**What the task requires**
Your task is to transcribe the data exactly while omitting each picture.

START Given material

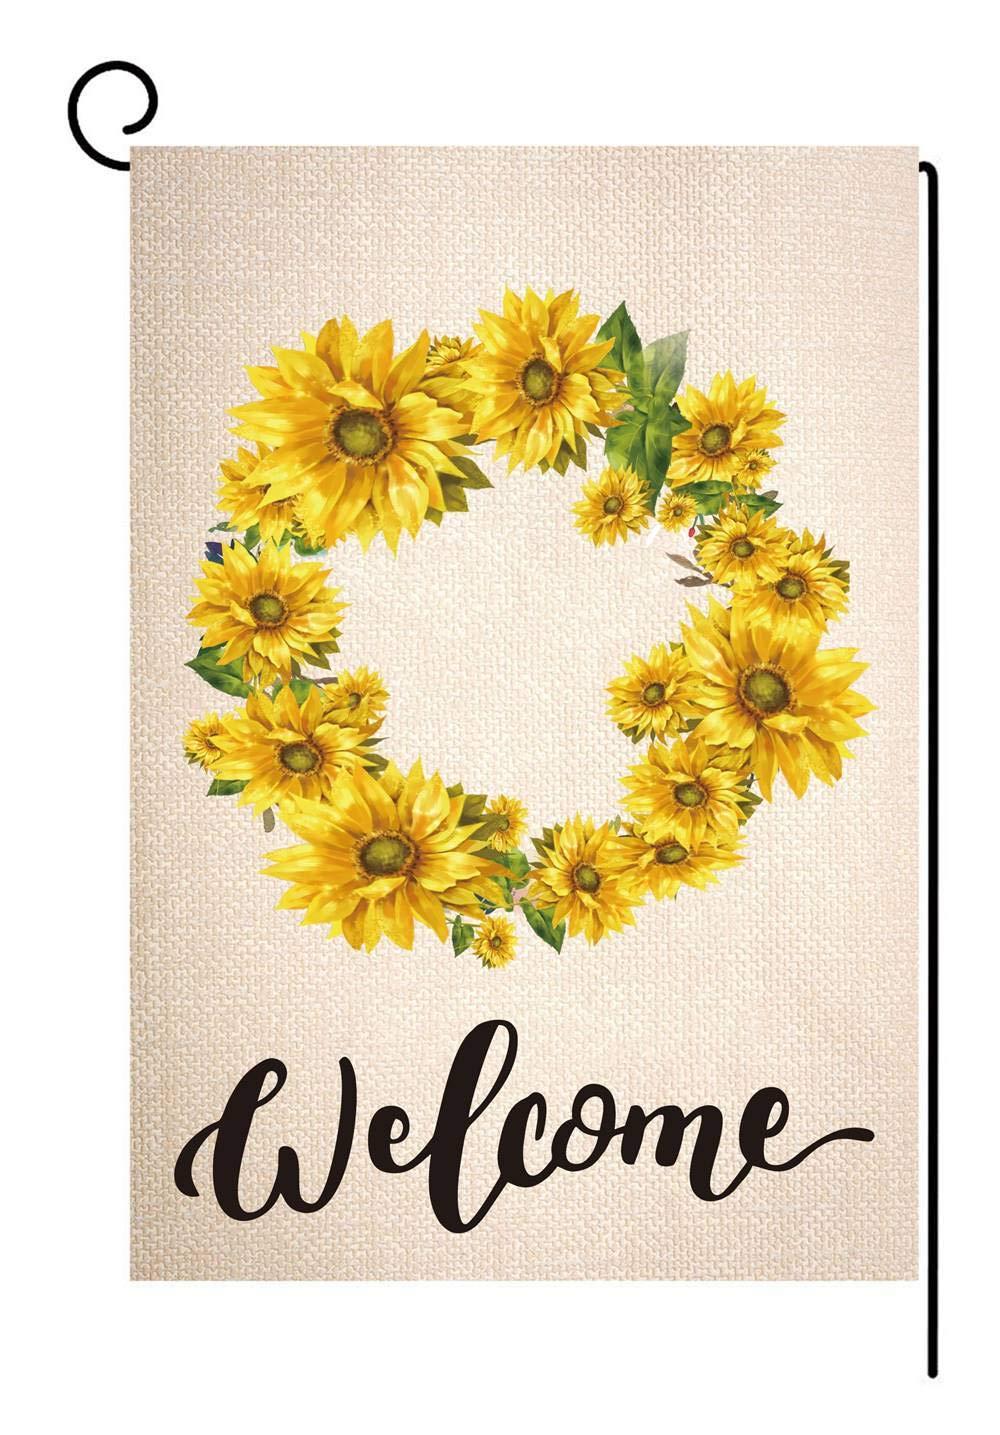 STYLEZONE Sunflower Wreath Small Garden Flag Vertical Double Sided Summer Fall Farmhouse Burlap Yard Outer Decor 12.5 x 18 Inch
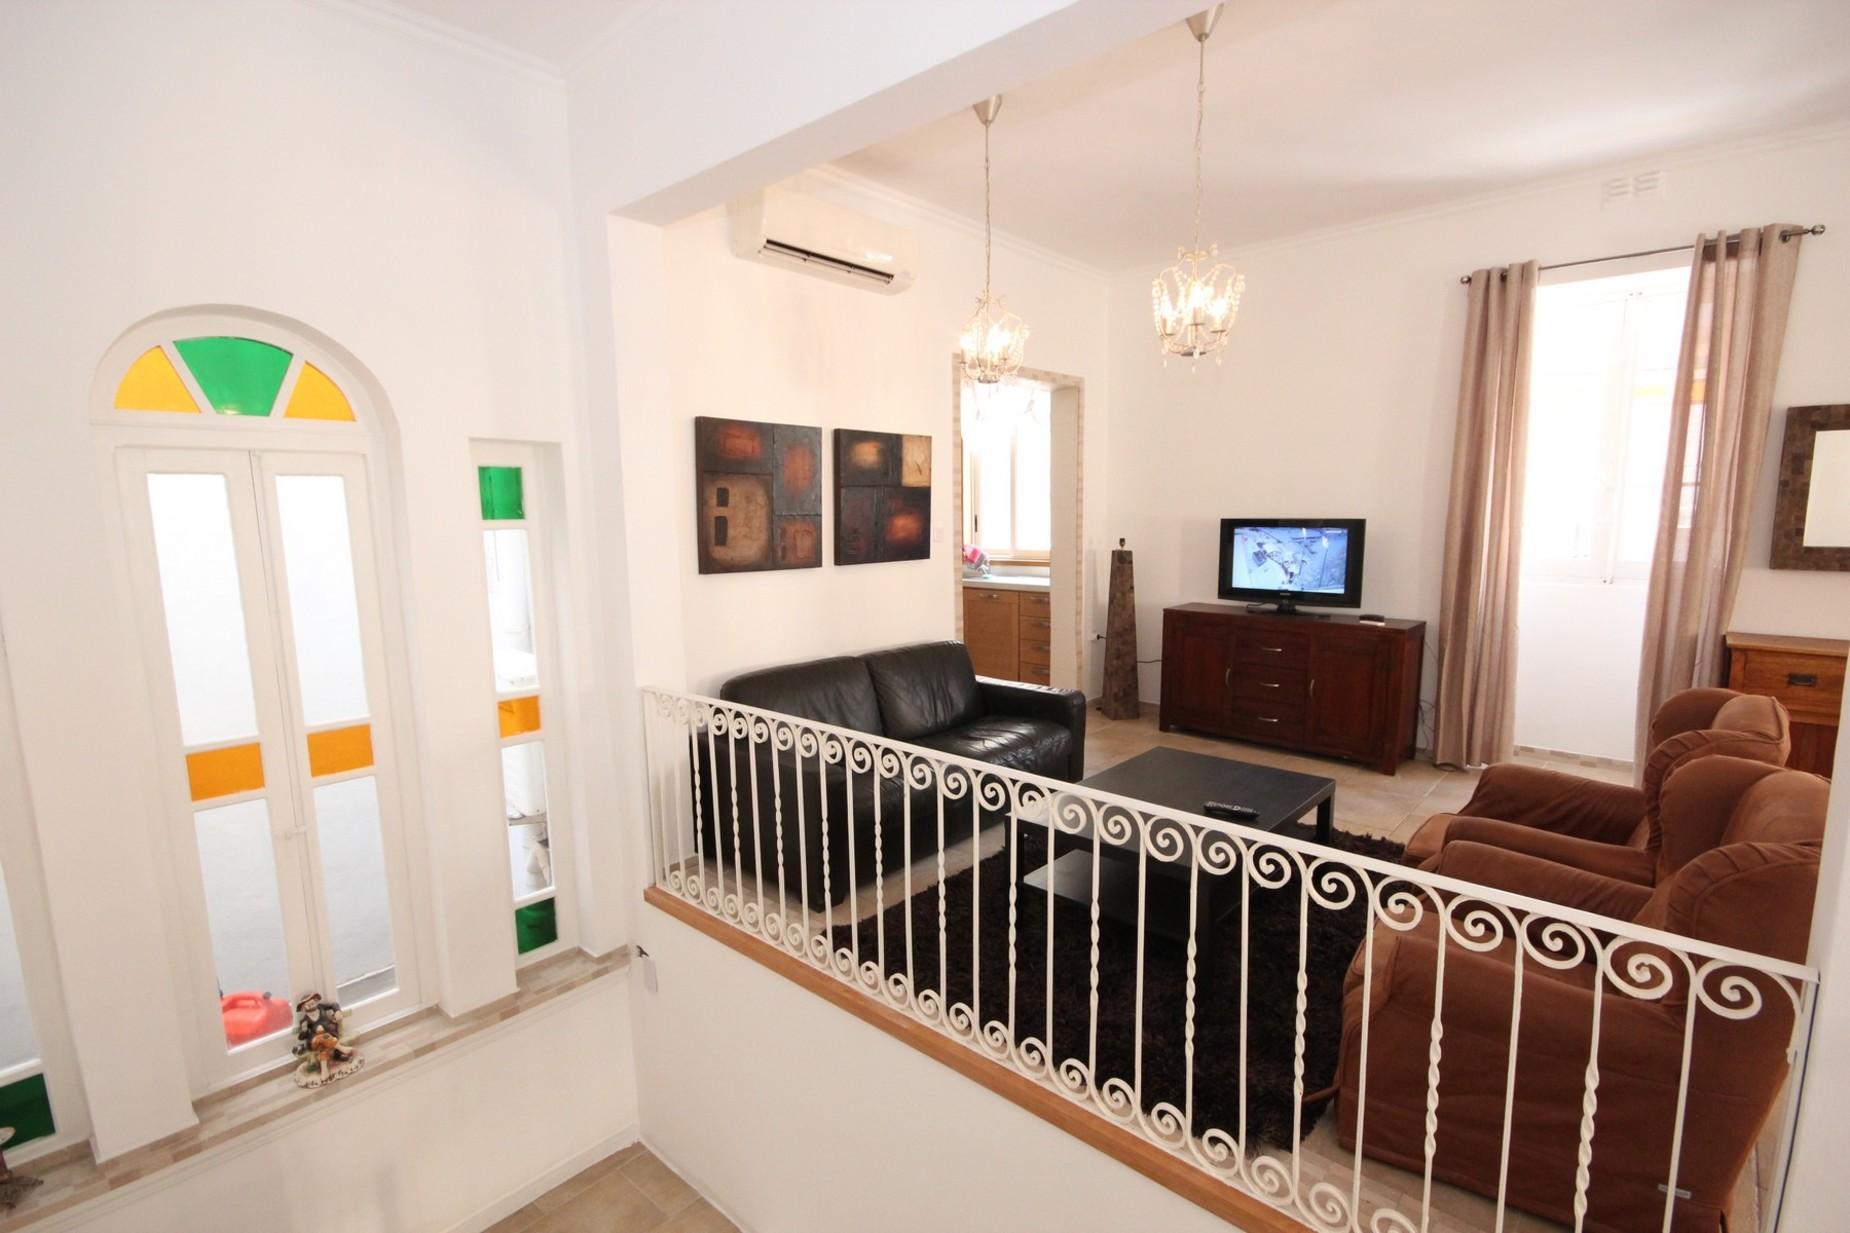 3 bed Town House For Rent in Gzira, Gzira - thumb 9
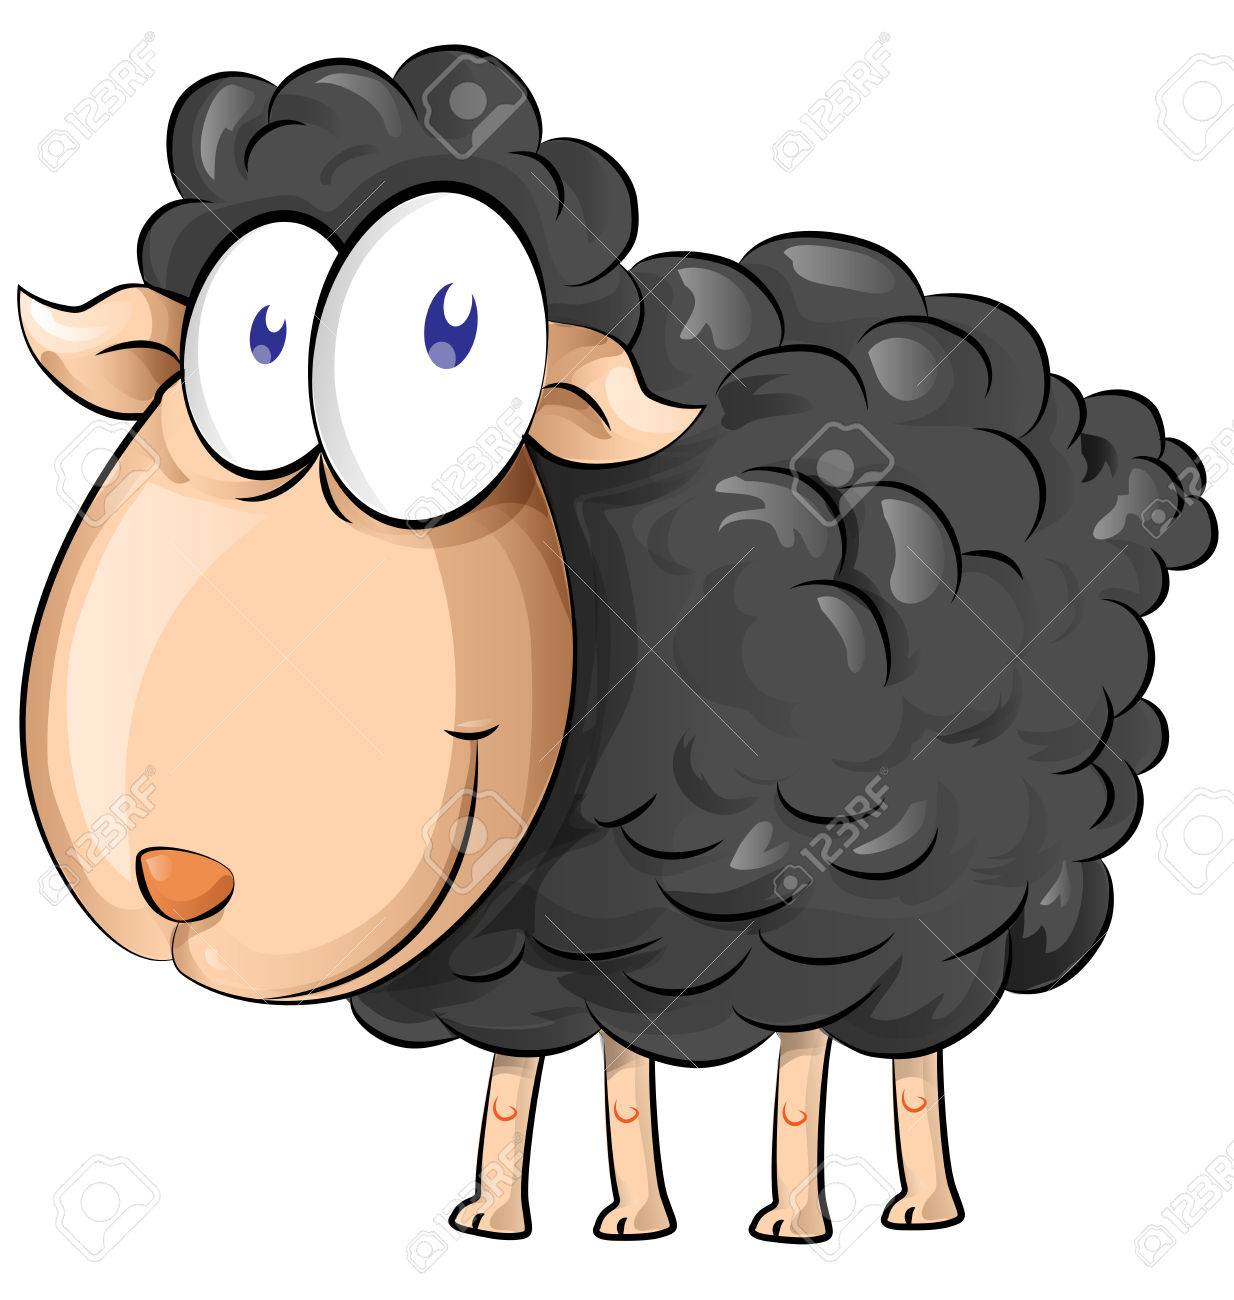 black sheep cartoon isolate on white background royalty free rh 123rf com black sheep clip art free black sheep clipart graphics
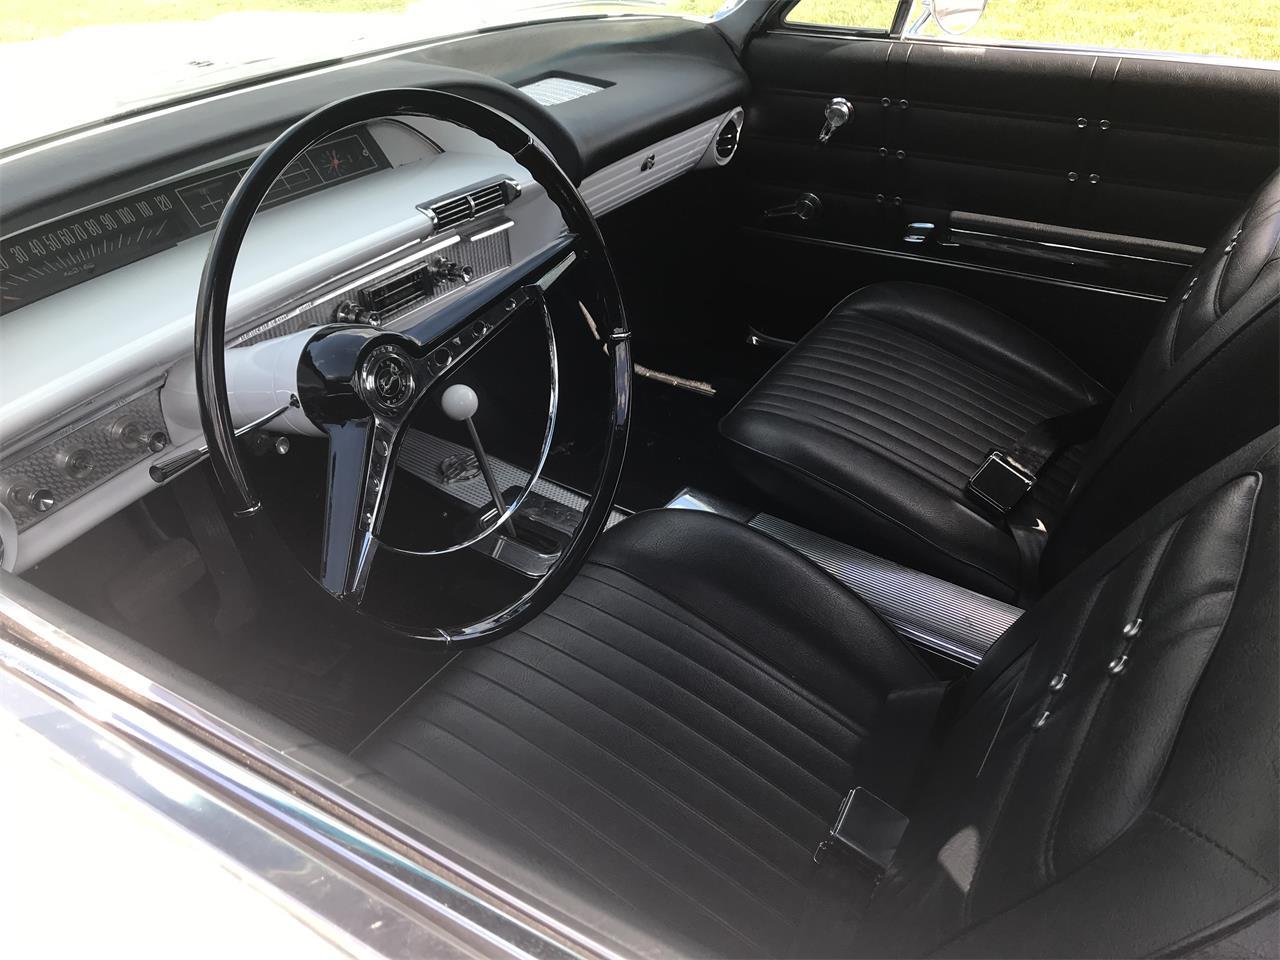 1963 Chevrolet Impala SS (CC-1358931) for sale in WICHITA, Kansas

END Given material

**Written response**
 STYLEZONE Sunflower Wreath Small Garden Flag Vertical Double Sided Summer Fall Farmhouse Burlap Yard Outer Decor 12.5 x 18 Inch
 3 bed Town House For Rent in Gzira, Gzira - thumb 9
 black sheep cartoon isolate on white background royalty free rh 123rf com black sheep clip art free black sheep clipart graphics
 1963 Chevrolet Impala SS (CC-1358931) for sale in WICHITA, Kansas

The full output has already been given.